El Camarón de la Isla con la colaboración especial de Paco de Lucía

El Camarón de la Isla con la colaboración especial de Paco de Lucía

Camarón de la IslaEl Camarón de la Isla con la colaboración especial de Paco de Lucía [AKA Al verte las flres lloran] Philips 5865 026 (1969)


This, the first of many collaborations between El Camarón de la Isla and Paco de Lucía, documents an already fruitful partnership.  de Lucía’s guitar is showy.  It begs for attention always.  Camarón sings in a way that cannot but help commanding attention.  Together, those somewhat disparate approaches go together sublimely.
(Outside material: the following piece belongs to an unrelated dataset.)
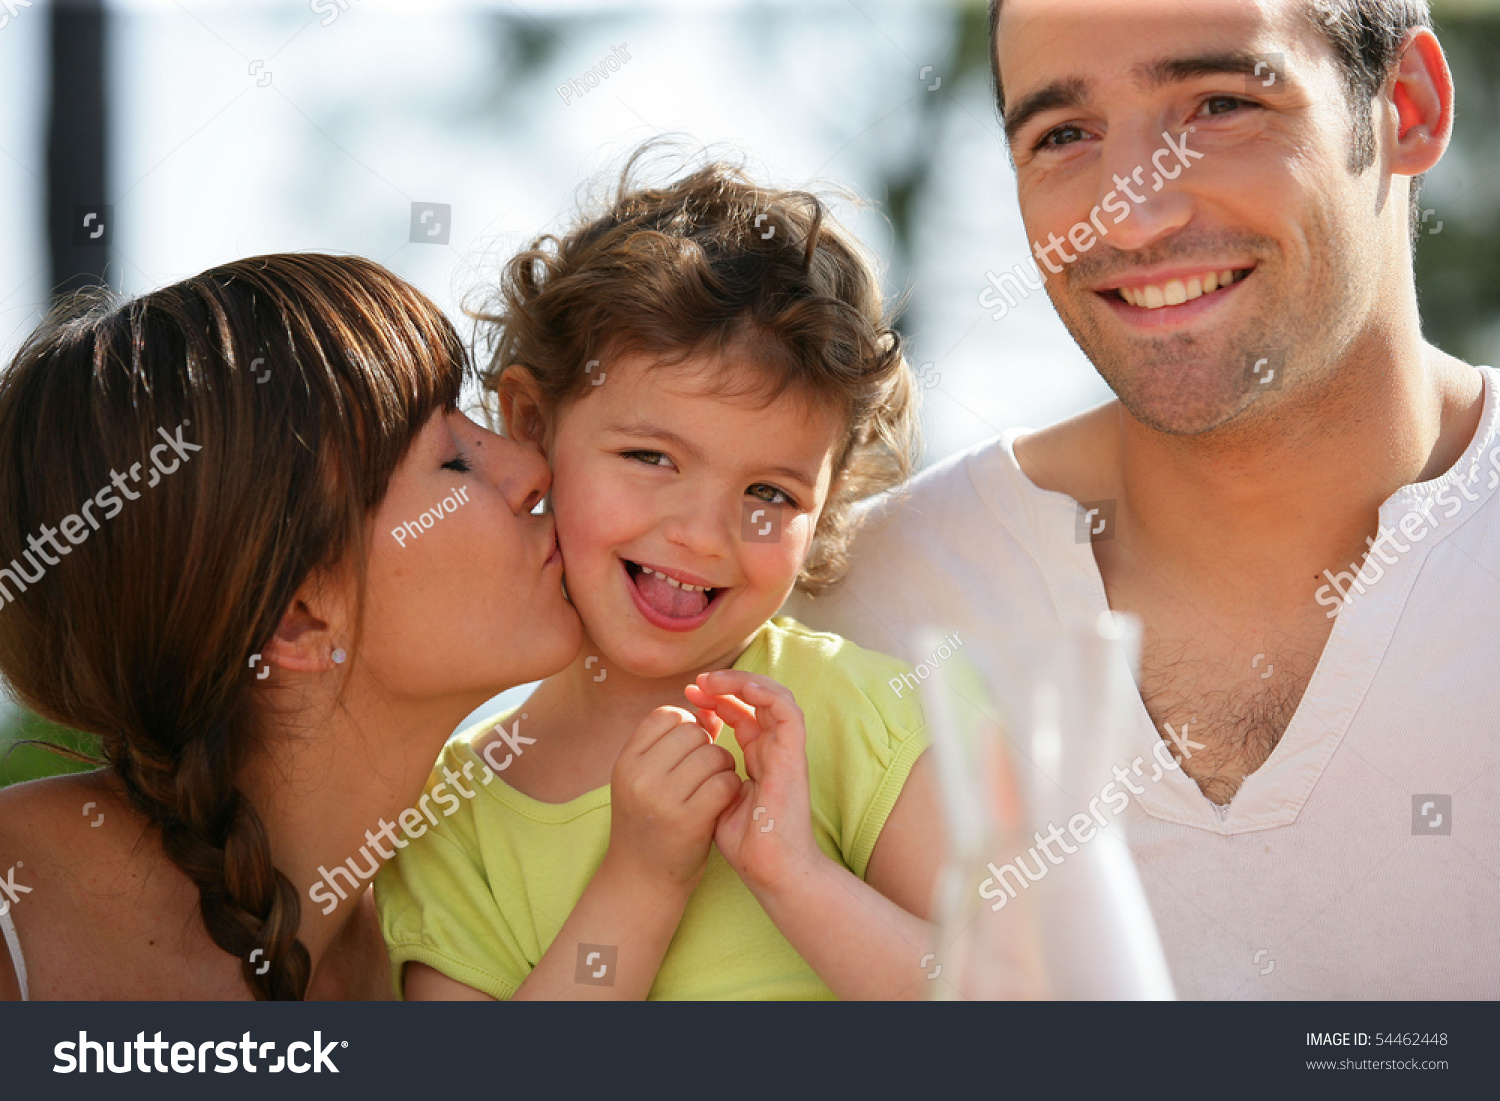 Мужчина с бывшей женой и ребенком. Портрет счастливой семьи. Счастливая семья ребенок усыновленный. Фотообои семья. Фото родителей целующих детей.

The duo’s take on flamenco music was as groundbreaking a thing as possible under the Franco dictatorship.  The Wire magazine, in a feature entitled “100 Records That Set The World On Fire (While No One Was Listening)” (issue 175), said,

No one whose funeral was televised with thousands of people fainting over his coffin can really be described as neglected, but Camaron, the tormented duende of contemporary flamenco, is too little known outside Spain — and flamenco itself too little understood. Camaron helped restore the form’s rawness and authenticity after decades of operismo and Franco-inspired dumbing down, while his tousled, rebellious image appealed to the young.

Flamenco had long been a vital genre.  For instance, Niño Ricardo & La Niña de los Peines“Alegrias” is a classic from just before the Great Depression — mentioned in Michael Denning‘s Noise Uprising for its radical connotations (though “alegrías” is a palos or cantes [style], not really a distinctive song title as such).  The genre’s golden age ran up to about 1910-20, at which point the “opera flamenca” period began — brought on by preferential tax laws that gave “opera” performances in theaters a lower tax rate than other types of shows.  This theatrical style is disliked by some and considered very commercial.  Intellectuals tried to return the genre to its golden age roots from the early 20s, but the fascist Franco dictatorship changed all that.

Across the album there is a push-and-pull quality, as emphasis shifts subtle between de la Isla’s singing and de Lucía’s guitar playing.  Camarón regularly calls out, “Paco!”  This gets a bit tiresome, but it underscores the loose, “jam session” quality of the music — something entirely within the flamenco tradition.  The duo’s later work, like their fourth self-titled collaboration and Castillo de arena, is even better, in that it integrated the two performer’s abilities into something more unified and greater than the mere sum of its parts.  Still, this first meeting is great on its own terms, and, relatively speaking, perhaps one of the most “traditional”-sounding recordings they made together.